- Developers: Benjamin Davis; Alan Hazelden;
- Publisher: Draknek
- Designers: Benjamin David; Alan Hazelden;
- Composer: Priscilla Snow ;
- Engine: OpenFL
- Platforms: Linux, OS X, Windows, Android, iOS, Nintendo Switch
- Release: Linux, OS X, Windows; 25 February 2015; Android, iOS; 9 December 2015; Nintendo Switch; 2 September 2021;
- Genre: Puzzle
- Mode: Single-player

= A Good Snowman Is Hard to Build =

2015 video game

A Good Snowman Is Hard to Build is a 2015 puzzle video game developed by Alan Hazelden and Benjamin Davis and published by Draknek. The game was released in 2015 for Linux, OS X, Windows, Android, and iOS.

==Gameplay==

The player (black figure, referred to as a monster) and a snowman, missing the top snowball

A Good Snowman Is Hard to Build is a grid-based puzzle video game that tasks players with helping a featureless monster to build snowmen. Snowmen are built by stacking three snowballs of decreasing size. Rolling small or medium-sized balls over snowy ground increases their size. Building all snowmen in a room unlocks adjacent rooms which are all part of a hedge maze.

Players can undo one move at a time or reset a room.

==Development and release==
A Good Snowman Is Hard to Build was created by UK-based independent developers Alan Hazelden and Benjamin Davis. Its prototype was developed using Puzzlescript, an open-source HTML5 puzzle game engine, in 2014. The commercial release was written in Haxe and OpenFL and released for Linux, OS X, and Windows-based personal computers on 25 February 2015. A version for Android and iOS mobile devices was released on 9 December 2015. A Nintendo Switch version released on 2 September 2021.
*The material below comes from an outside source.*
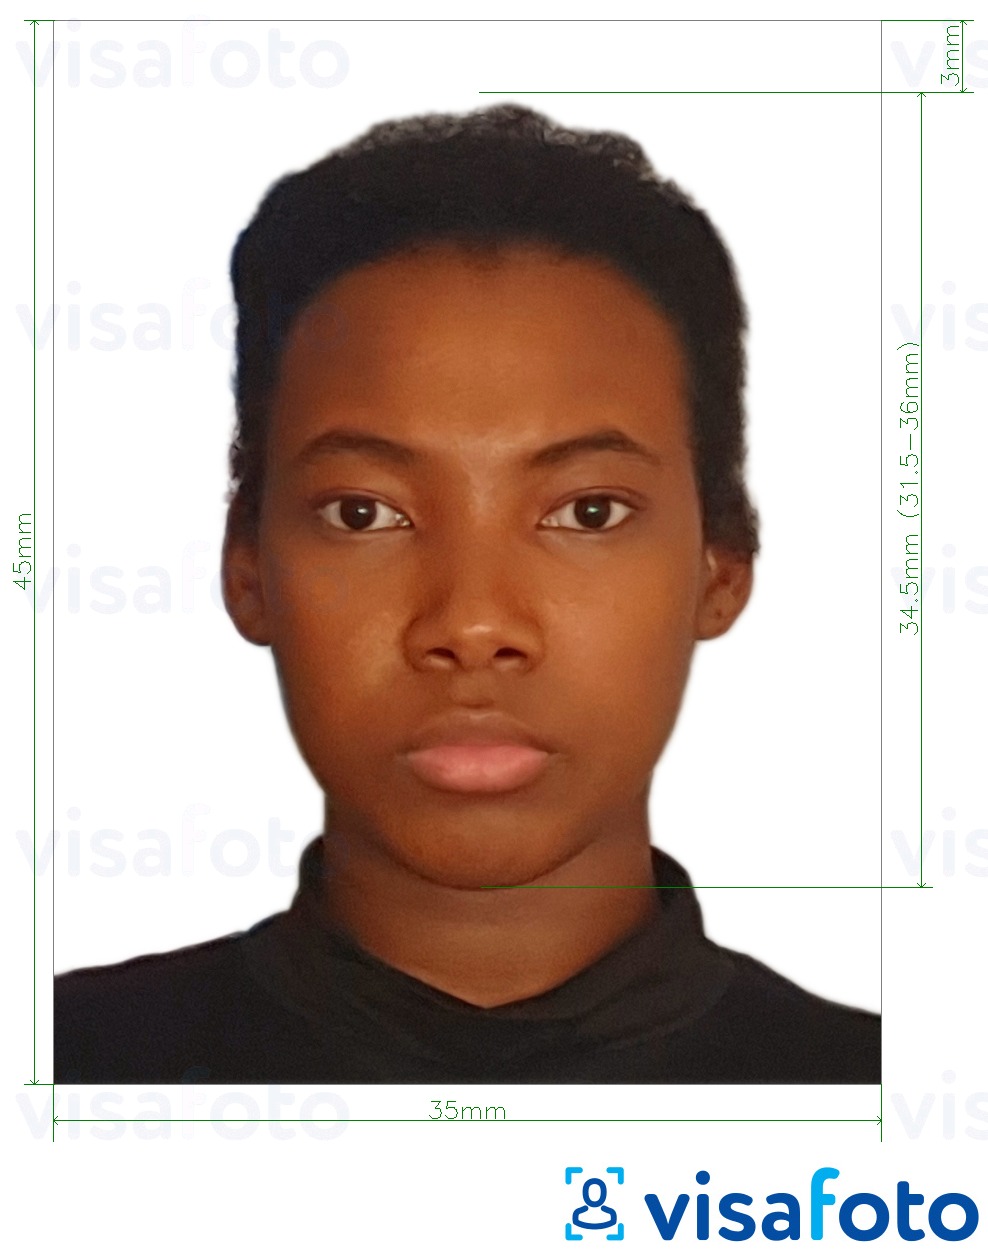 Contoh dari foto untuk Burkina Faso visa 4.5x3.5 cm (45x35 mm) dengan ukuran spesifikasi yang tepat

For the game's 10th anniversary in 2025, the Itch.io release of the game permanently moved to a 'Pay What The Temperature Is' pricing model, where the price would be $1 for every degree Celsius it is in London according to OpenWeatherMap's tracking, updated every hour. For example, if the temperature was 2.5 degrees Celsius, the price would become $2.50. If the temperature in London drops below freezing the game will become freeware.

==Reception==

A Good Snowman Is Hard to Build received "universal acclaim" from professional critics, according to the review aggregator website Metacritic.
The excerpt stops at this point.